MM and I met three years ago when I joined a bowling league he was on. I was also married at the time. We chatted every once in a while, but no real friendship. After knowing each other a year and a half, we exchanged e-mail addresses one night. My H move to NM in Jan. 98 to take a new job and I was suppose to follow when I graduate with my B.A. in August. My marriage wasn't very good and I had been thinking about getting out for a while. As soon as hubby was gone, MM starting e-mailing me more. I had had a crush on him and was enjoying the attention. He started making sexual indoindo and I returned them. The next thing I know, we are in bed together. A week later my mother died and MM was there for me. I wrote pages and pages of e-mails to him getting all the hurt out while my H was concerned about his own problems.

The next month I told H I wanted out. It really didn't have anything to do with MM. I was already unhappy and with H living 200 miles away, I realized how happy I was without him.

I have since fallen madly in love with MM! He is aware of my feelings and says that his are not the same for me. We only get to see each other about once a week. Sometimes less, every great once in a while, more. We e-mail and IM each other all day when he is at work. We are very close friends. We talk all the time and I feel I and do tell him everything. I personally think that he is love with me, even if he won't admit it. A friend at bowling approached me one night and asked if there had been anything between him and I. I asked her why she was asking. She said one night she noticed him sitting by himself and watching me. She said he had puppy dog eyes and love was written all over her face. She said she knew from the look that he was in love with me and that there was or had been something between us. She said she has seen that look numerous other times when he looks at me.

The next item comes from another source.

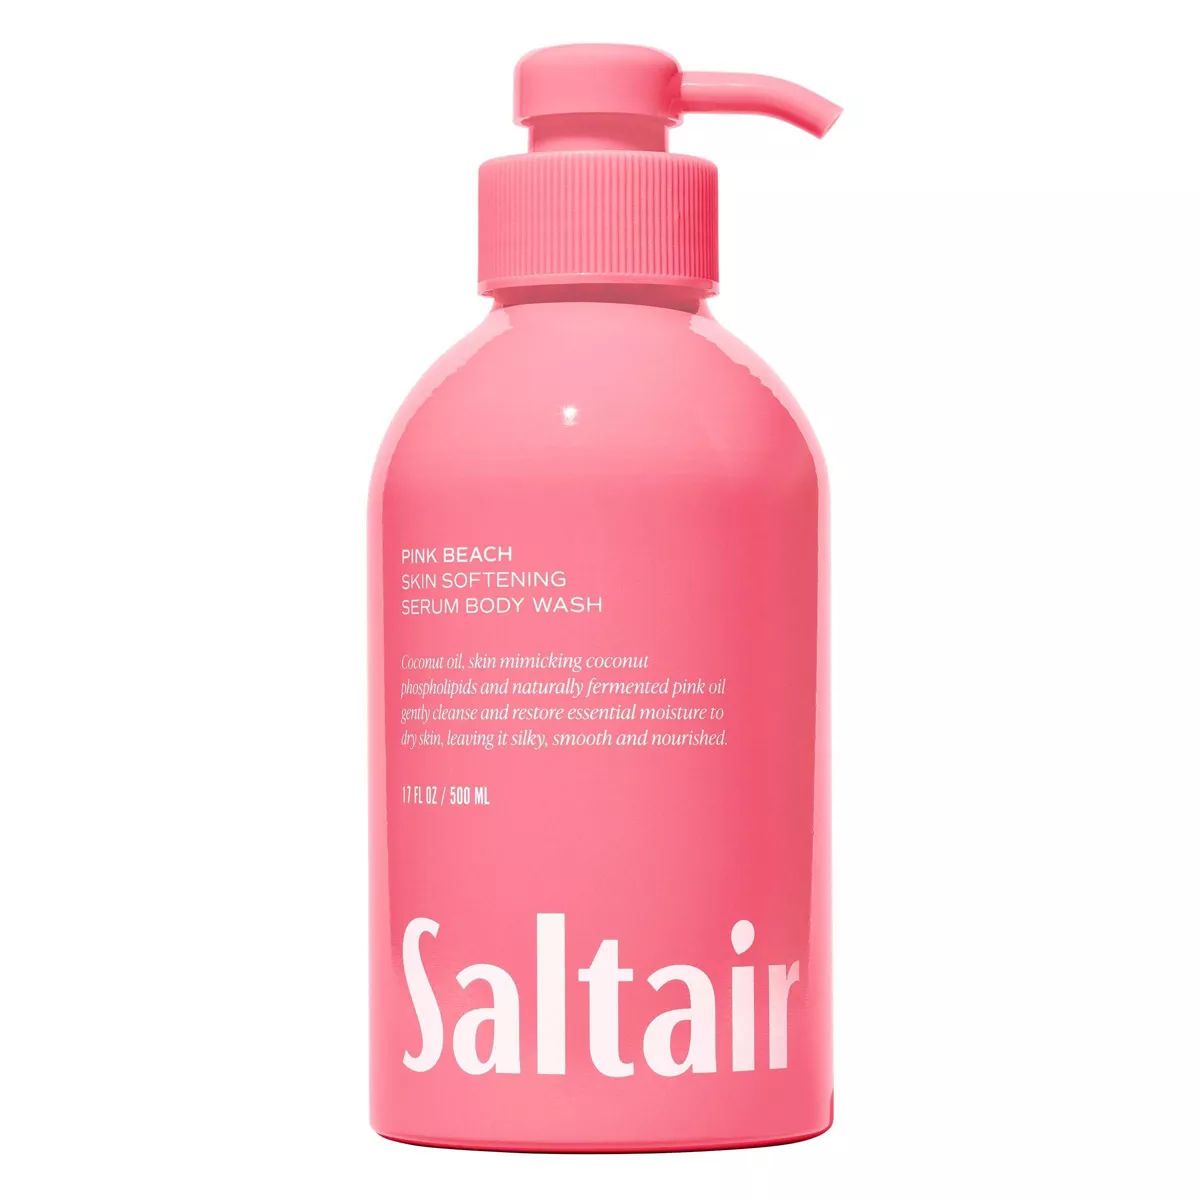 Saltair Pink Beach Serum Body Wash - Coconut Scent - 17 fl oz | Target

In a nutshell, he claims to be happily married except for the lack of sex at home. I think he is just comfortable and is afraid to rock the boat. I'm just waiting to see what happens. I love him and I want to be able to show him that and I want for him to return my love. I have made vast progress, but I'm not there yet. I'm trying to take one step at a time and hope he realizes what he is missing and becomes mine one day. I try to be happy with what I can get for him and hope there will be more later.